What needs to be done
Below this line are records; write out exactly the lines from the one containing "AK-47® 7.62x39mm (5) Rd - Tan Polymer" through the one containing "Famiglia camminare insieme", with the pictures left out.

Materials provided
Segment Open

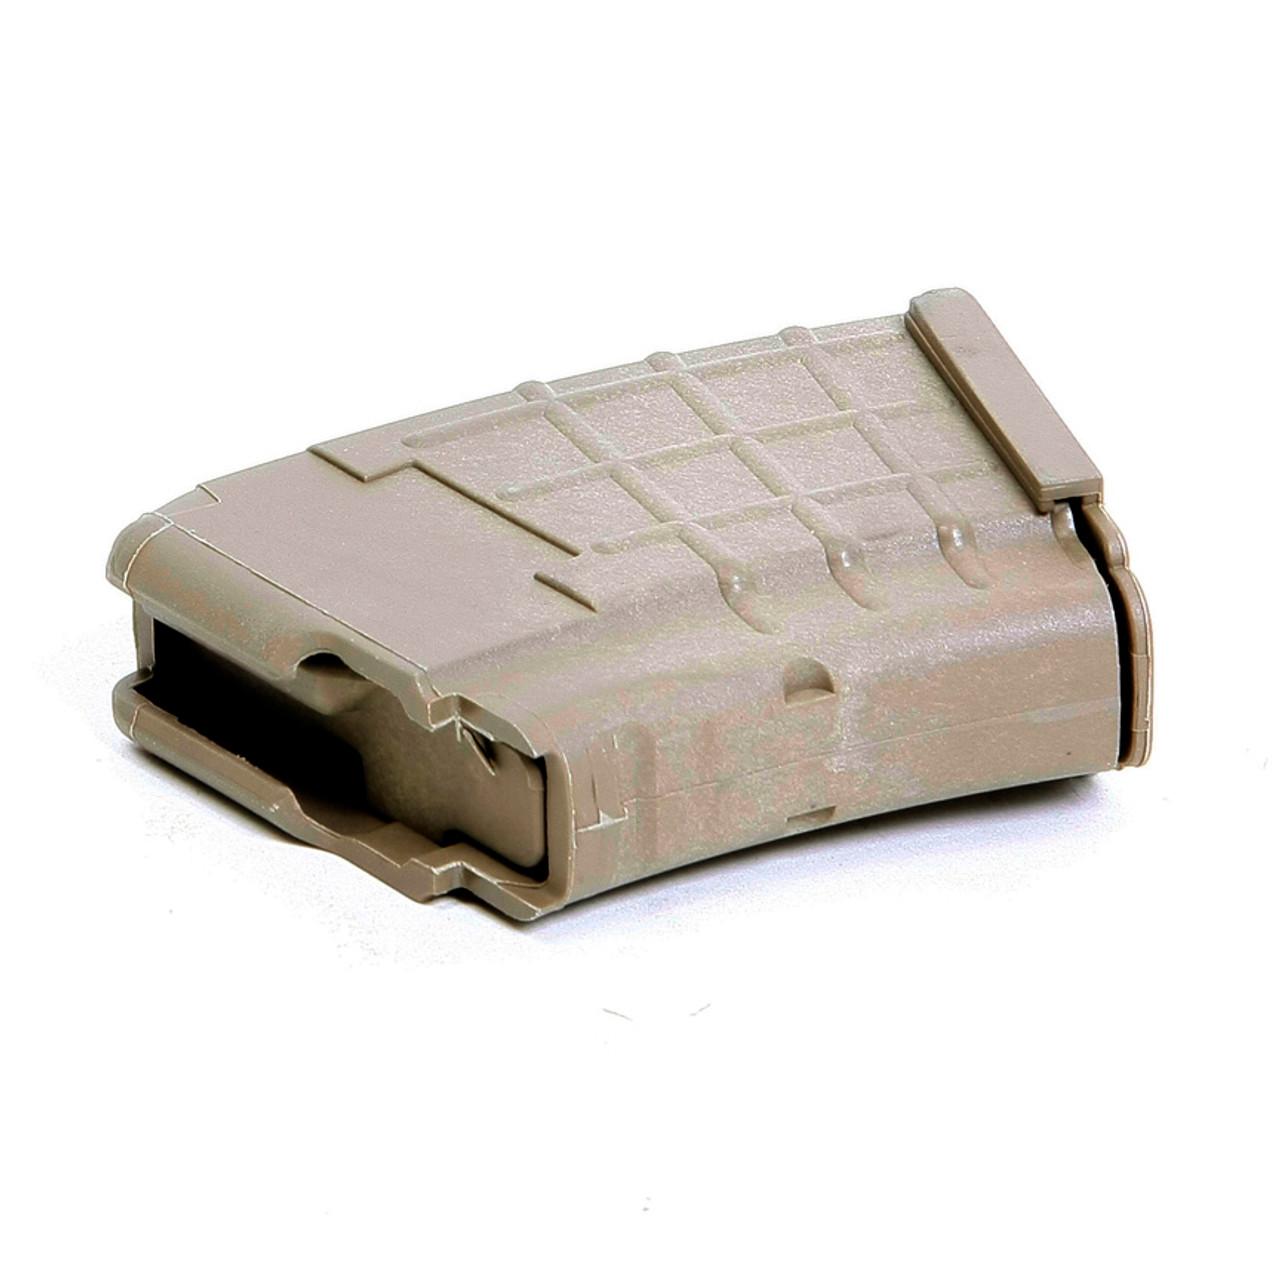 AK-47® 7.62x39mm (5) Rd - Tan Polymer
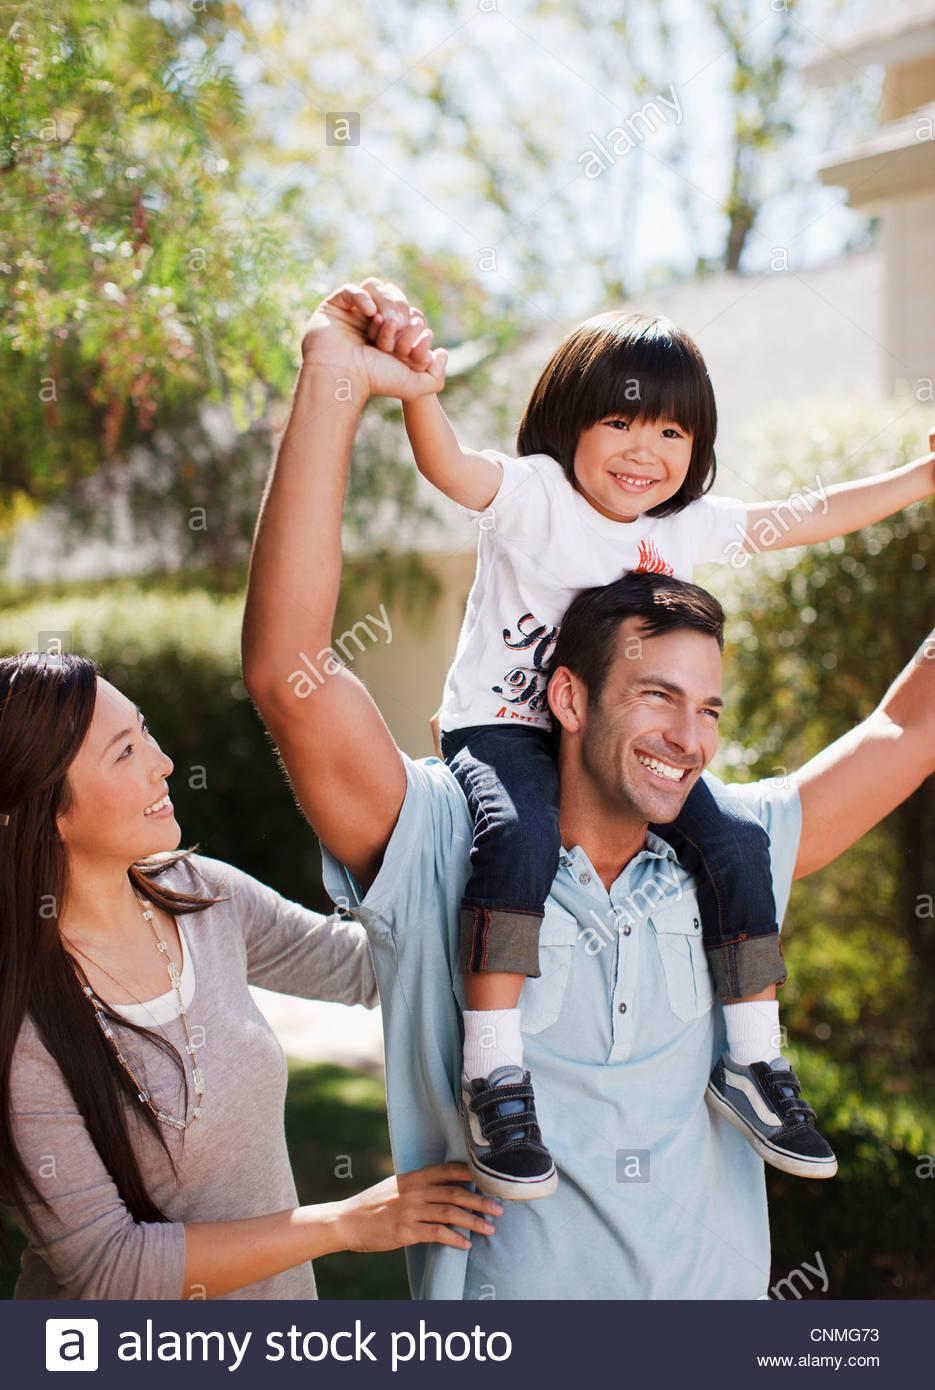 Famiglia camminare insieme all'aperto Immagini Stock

Segment Closed
Segment Open

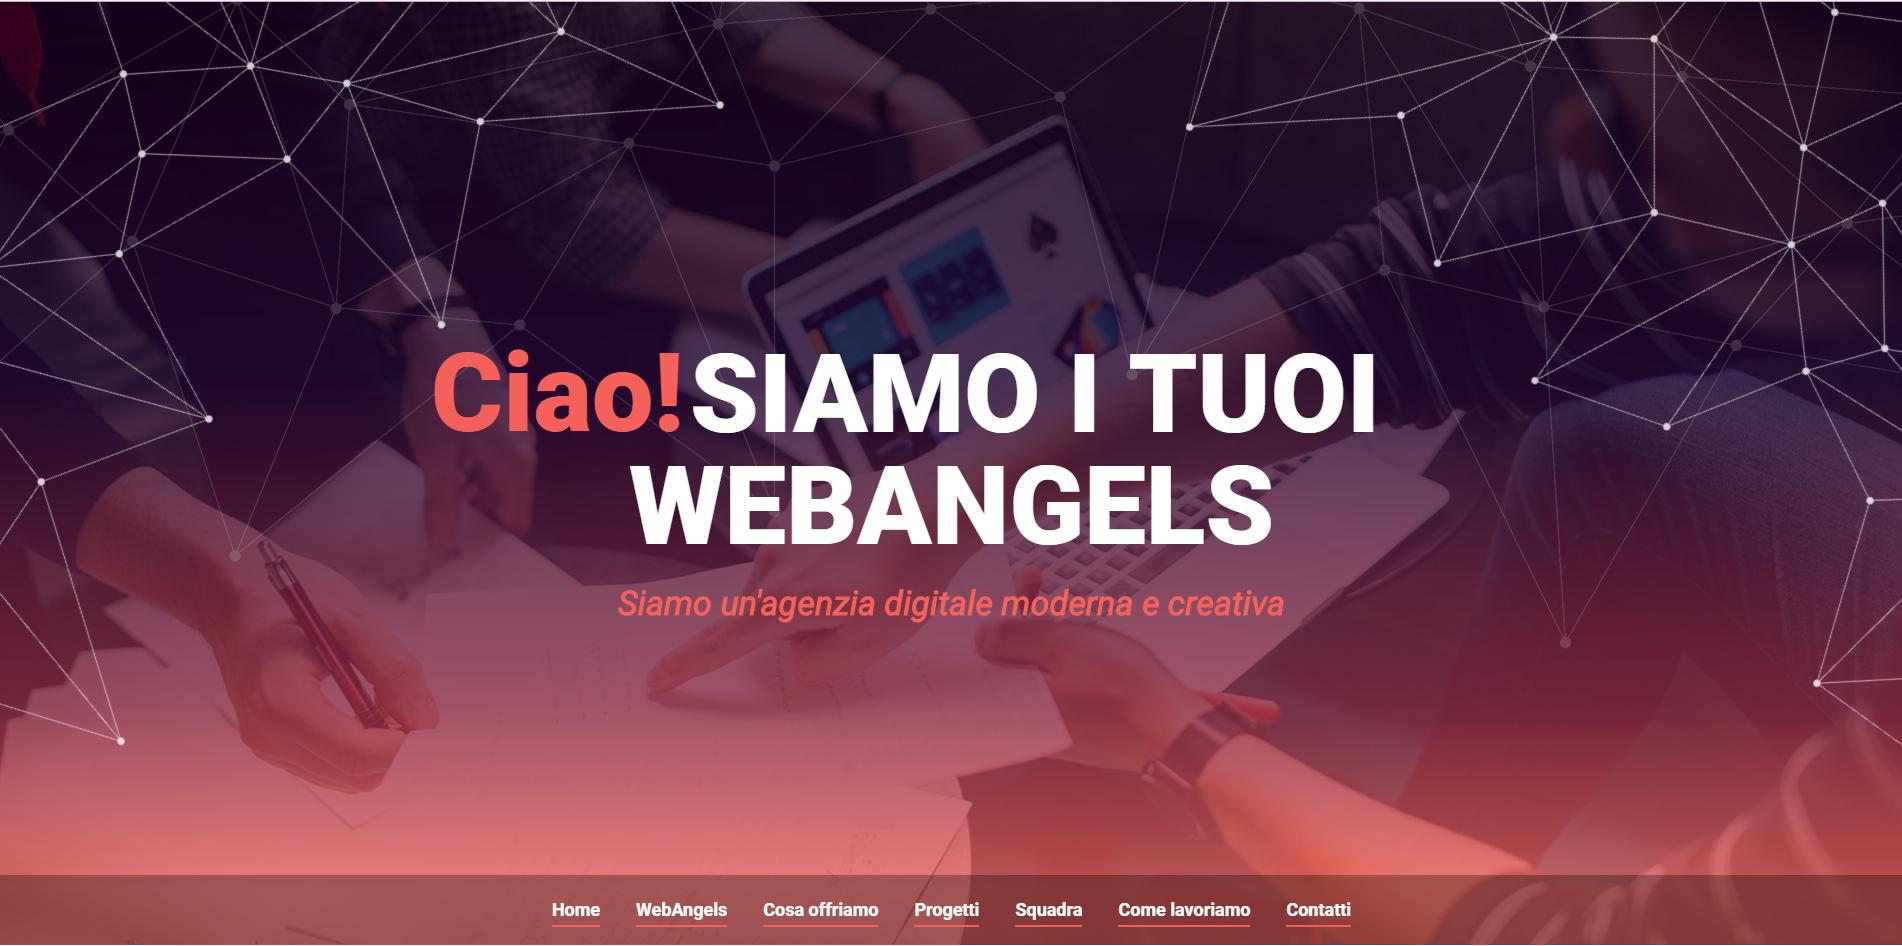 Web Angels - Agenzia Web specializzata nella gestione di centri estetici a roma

Segment Closed

Solution below
 AK-47® 7.62x39mm (5) Rd - Tan Polymer
 Famiglia camminare insieme all'aperto Immagini Stock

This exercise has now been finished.